During the preparation phase (not shown), a plurality of voltages
is established and allowed time to stabilize. In the example
implementation illustrated, the voltages comprise primary and
secondary electrode voltages 308, a squeegee roller voltage 310, a
developer roller voltage 312 or a cleaner roller voltage 314 taken
jointly and severally in any and all permutations.
During the printing phase 304, stable predetermined voltages are
maintained while printing takes place. The electrode voltage 308 is
shown as being -1500V. The squeegee roller voltage 310 is shown as
being approximately -875V. The developer roller voltage 312 is
shown as being -500V and the cleaner roller voltage 314 is shown as
being approximately -.sup.+175V.
During the cleaning phase 306, all voltages are reduced to zero
after printing terminates at time t=0.
Once the voltages have been reduced to zero, mechanical cleaning
commences. The excess or unused ink is cleared from at least the
PIP 102 in a predeterminable number of revolutions.
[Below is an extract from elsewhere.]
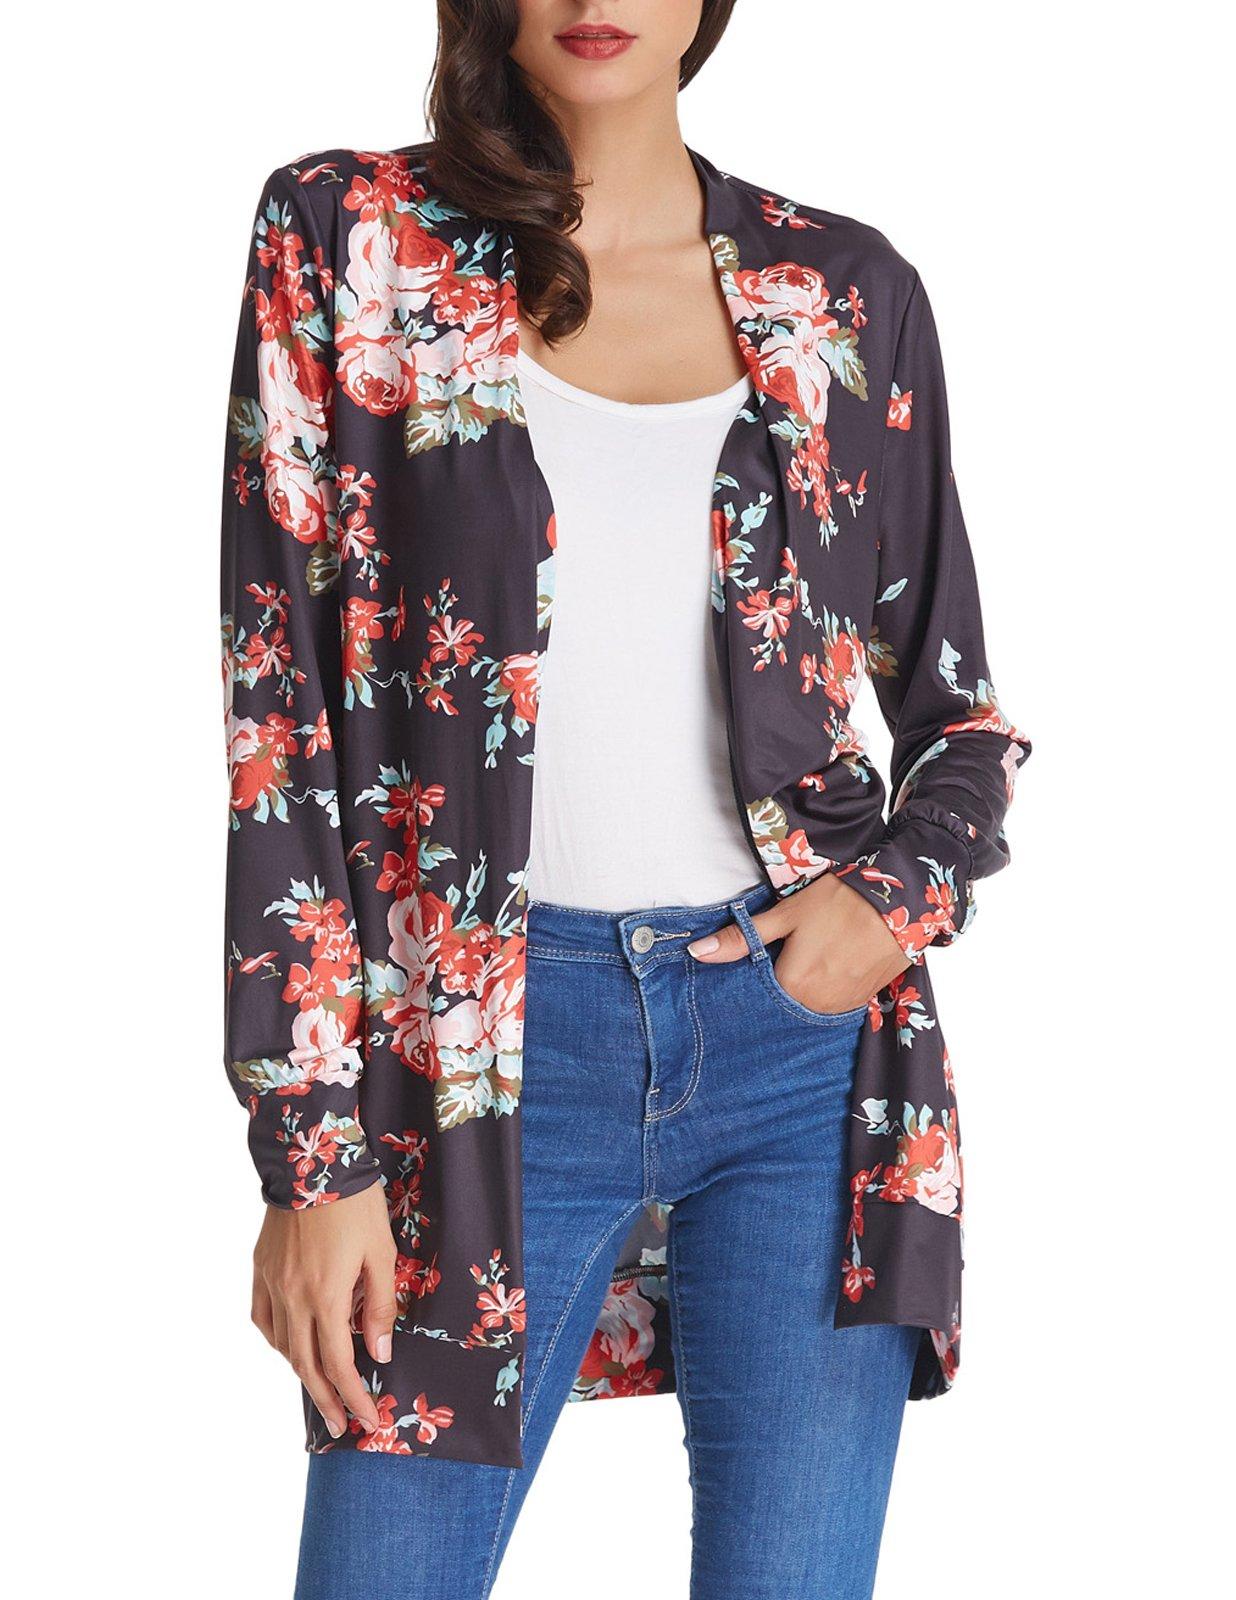 GRACE KARIN Women's Lightweight Casual Cardigan Wrap Floral Outwear Kimono Size XL Black

The lower chart shows the corresponding variations in currents
during the above phases 304 to 306. An electrode current 308' is
associated with the electrode voltage 308. A squeegee roller
current 310' is associated with the squeegee roller voltage 310. A
developer roller current 312' is associated with the developer
roller voltage 312. A cleaner roller current 314' is associated
with the cleaner roller voltage 314. It will be noted that the
various currents continue to flow well beyond the time at which the
voltages have been shut-down. This follows from at least the
developer roller still bearing developed ink.
FIG. 4A shows a chart 400A of BID voltages according to an example
implementation. The applied voltages have distinct phases; namely,
a preparation phase (not shown), a printing phase 404 and a
cleaning phase 406.
During the preparation phase (not shown), a plurality of voltages
is established and allowed time to stabilize. The voltages can
comprise primary and secondary electrode voltages 408, a squeegee
roller voltage 410, a developer roller voltage 412 and a cleaner
roller voltage 414.
During the printing phase 404, stable predetermined voltages are
maintained while printing takes place. A predetermined electrode
voltage 408 is shown as being, for example, -1500V. A predetermined
squeegee roller voltage 410 is shown as being, for example,
approximately -875V. A predetermined developer roller voltage 412
is shown as being, for example, -500V and a predetermined cleaner
roller voltage 414 is shown as being, for example, approximately
-175V. Although specific electrode and roller voltages have been
given about, example implementations are not limited to those
precise voltages. Example implementations can be realised that use
different electrode and roller voltages. The different voltages can
be influenced by, for example, the characteristics of the ink used
during printing or desired printing properties. Example
implementations are provided in which the printing phase 404 spans
a predetermined period of time. Example implementations can be
realised in which the predetermined period of time is 211 ms.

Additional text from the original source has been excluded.